Valeo waited outside the sick ward doors for me. He looked me up and down, but I’d made sure to take off my smock. I didn’t have anything gory or gross stuck to me.
“Thought I’d check on you,” he said, shifting uncomfortably. “You know, in case you … if this morning … I mean …”
“I know I took off rather quickly,” I said. “I’m sorry.”

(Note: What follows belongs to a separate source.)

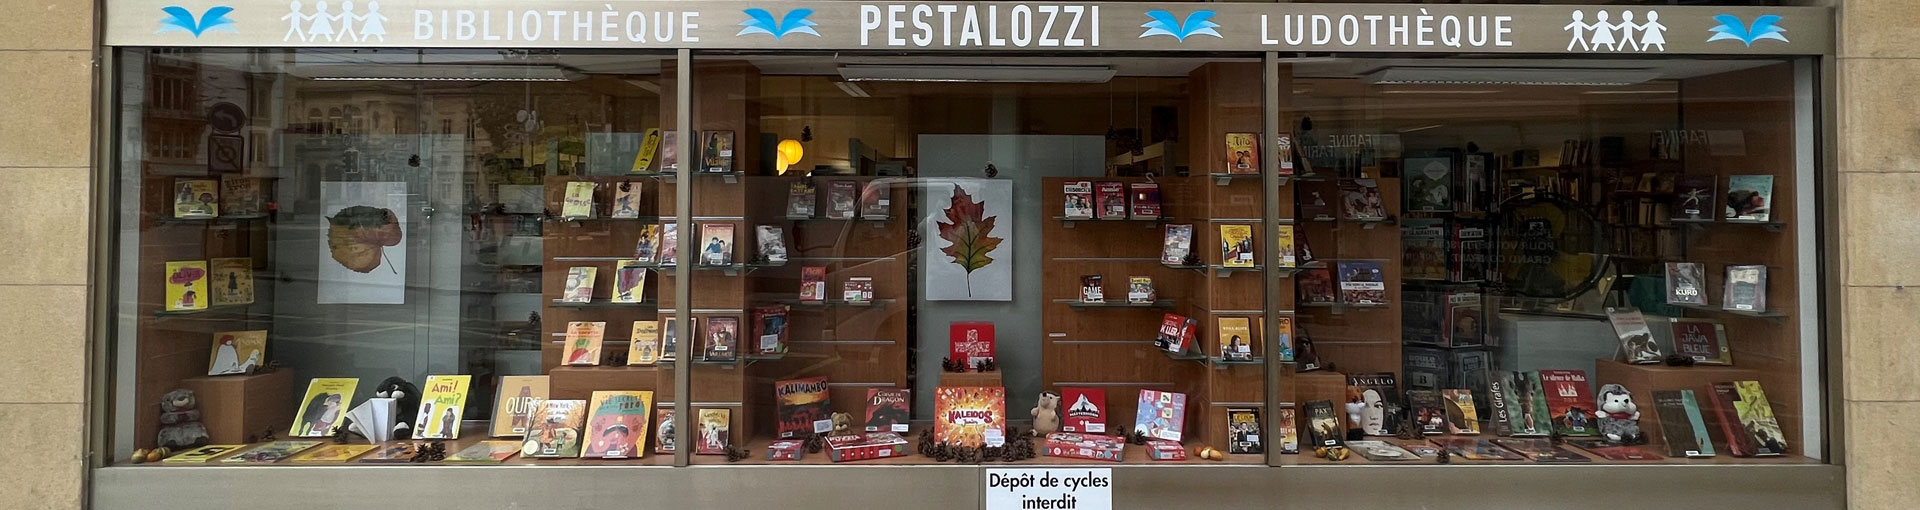 Bibliothèque Pestalozzi

“For what? I’m the one who should apologize. In fact …” he inhaled deeply and held it for a moment. “His Most Magical and Worthy Azwan, S’ami, Nihil’s Ear, has ordered me to apologize to you.”
The exhale was long, loud, and rather desperate sounding.
“Ordered. For showing me the truth? You’d accused me of being shallow. You could apologize for that. But never, ever for showing me the truth.”
“I have my orders.”
“Do I need to stomp all over your boots again?” I wasn’t really angry. If he hadn’t shown me those gallows, Widow Reezen would’ve died thinking she was alone. She hadn’t even known Babba was there, and she’d held him as a baby. “There is no apology needed. You wanted me to see it. I saw it. I don’t know what you thought I could do, but I’m trying to learn to save what people I can.”
“You’re thinking too small.”
“What?” Once again, the flush raced up my neck. How was he always able to do that to me?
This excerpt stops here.